Il magazine americano riporta poi le considerazioni di Patrick Heuveline, docente di sociologia presso l’Università di Los Angeles che studia i tassi di mortalità pandemica. Spiega che rispetto a Italia, Spagna, Regno Unito e Belgio “in Svezia non è andata poi così male”, ma sottolinea che il confronto non va fatto con questi Paesi per Stoccolma, ma con i vicini nordici, sia per le abitudini dei suoi cittadini che per il contesto socio-culturale e la collocazione geografica.

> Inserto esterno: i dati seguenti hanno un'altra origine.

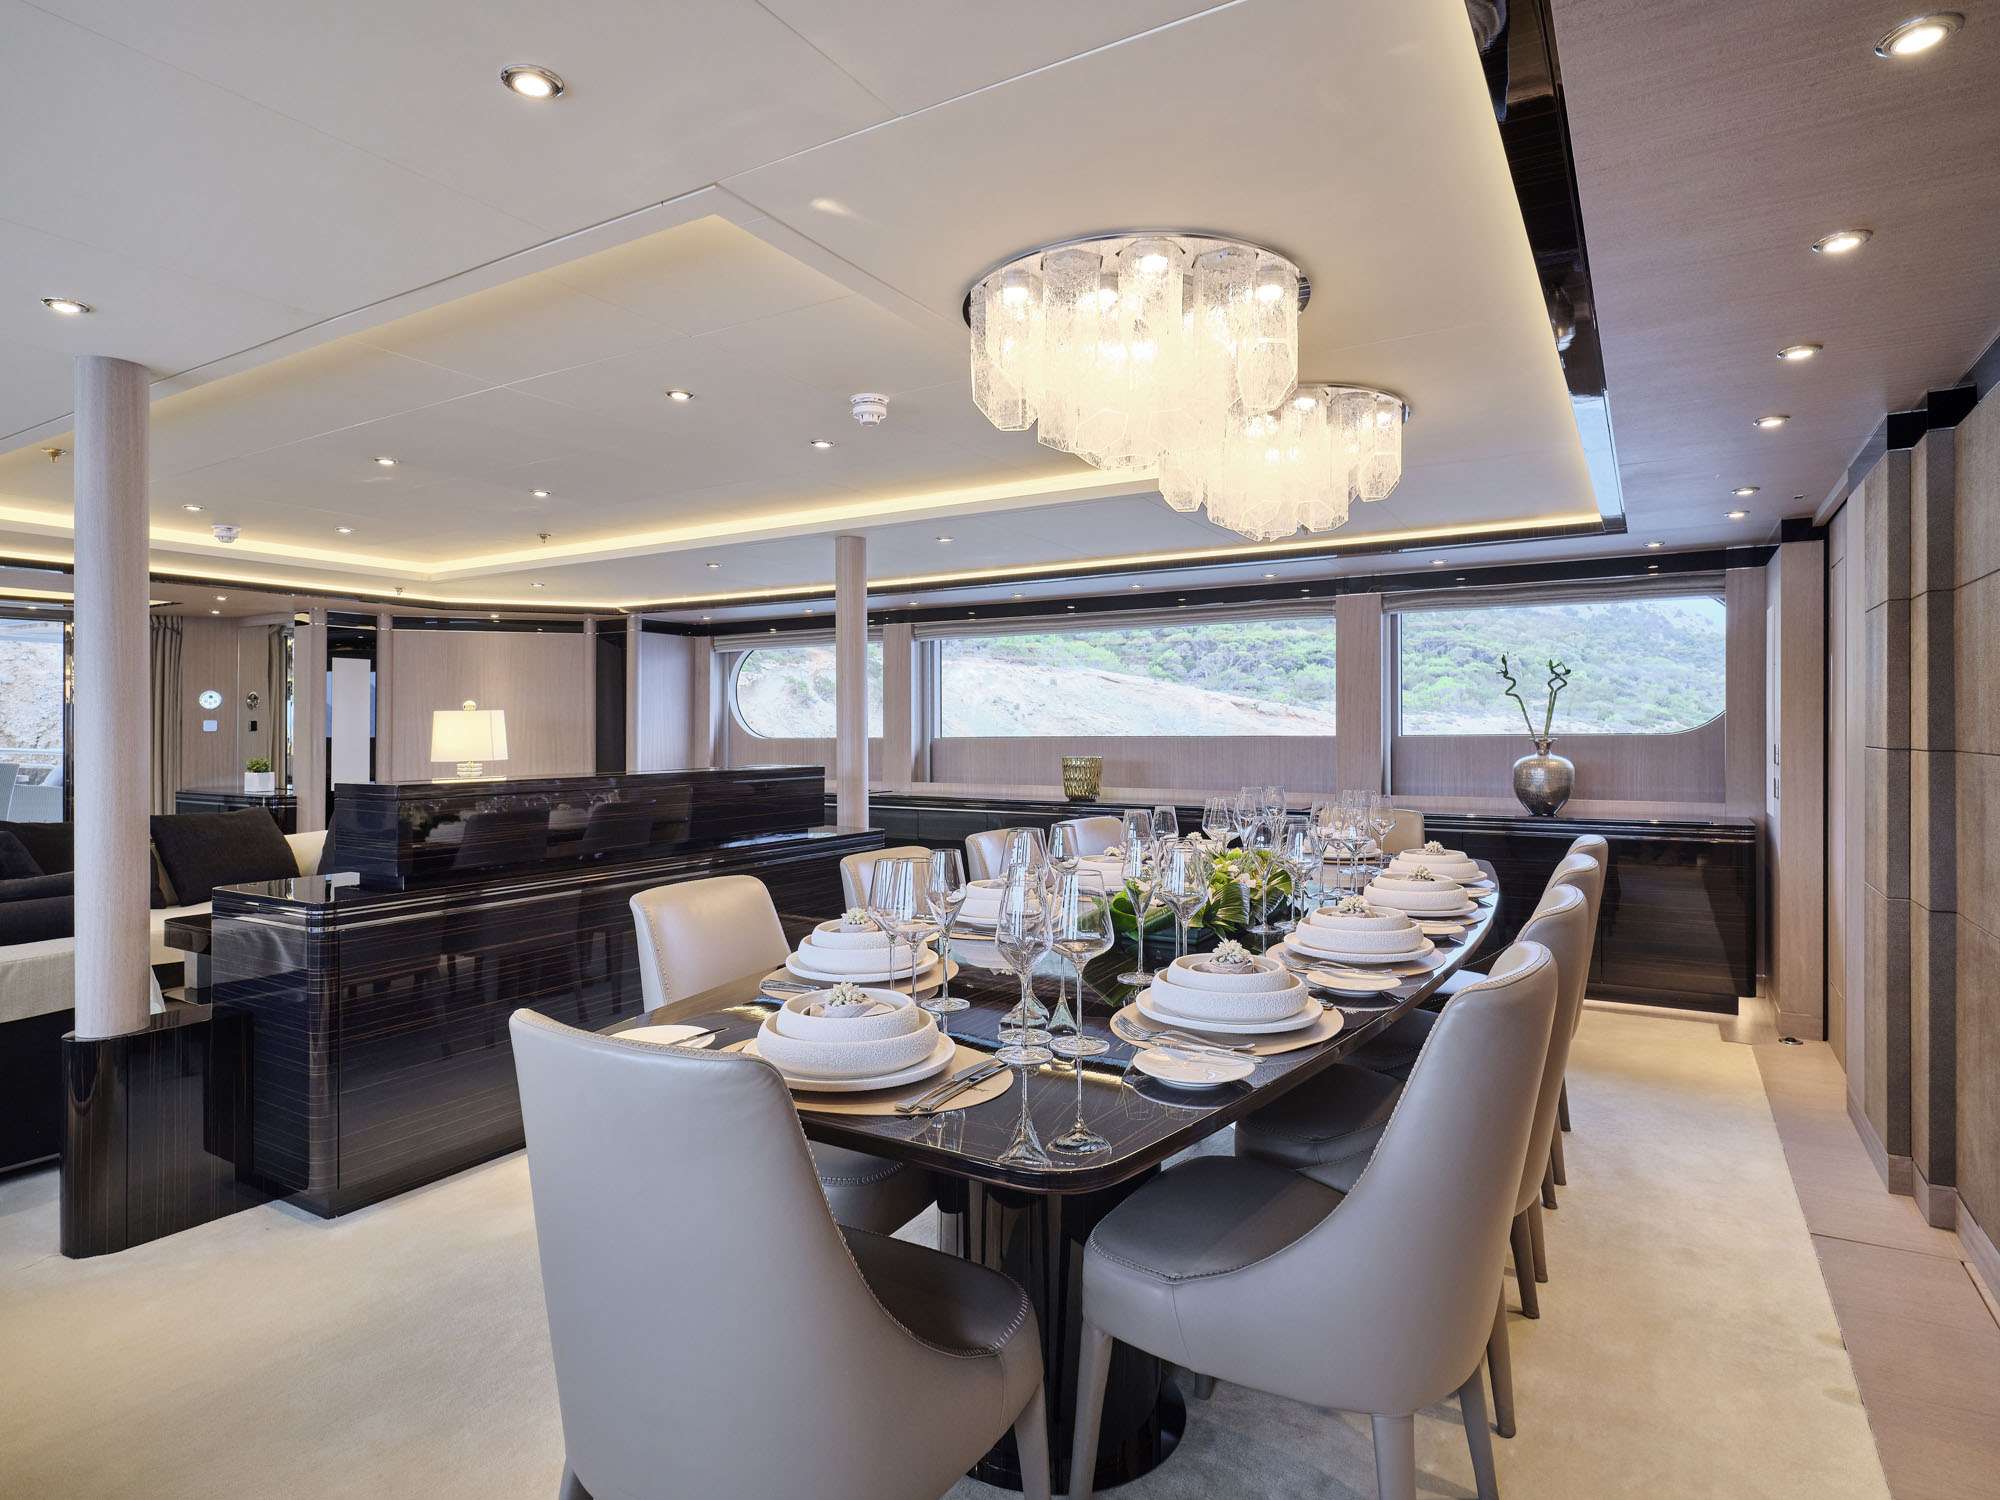 Motor Yacht 'INVADER' Main Deck Dining, 12 PAX, 12 Crew, 164.00 Ft, 50.00 Meters, Built 1999, Codecasa, Refit Year 2019

Le prime infezioni in Svezia, infatti, “sono arrivate anche più tardi che in altre parti d’Europa” un elemento che ha permesso al governo di Stoccolma di avere “più tempo per avvertire i suoi cittadini della gravità del virus”. Per l’epidemiologo di Stato Anders Tegnell – l’uomo dietro tutte le decisioni prese durante la pandemia che nel tempo ha rivisto la sua posizione sulle mascherine ed è stato pesantemente criticato anche da medici e operatori sanitari per la mala gestione della crisi sanitaria – è troppo presto però per dare un giudizio sulle scelte svedesi ai tempi del coronavirus. “La pandemia non è finita. Si potrà giudicare più avanti, quando tutto sarà passato”.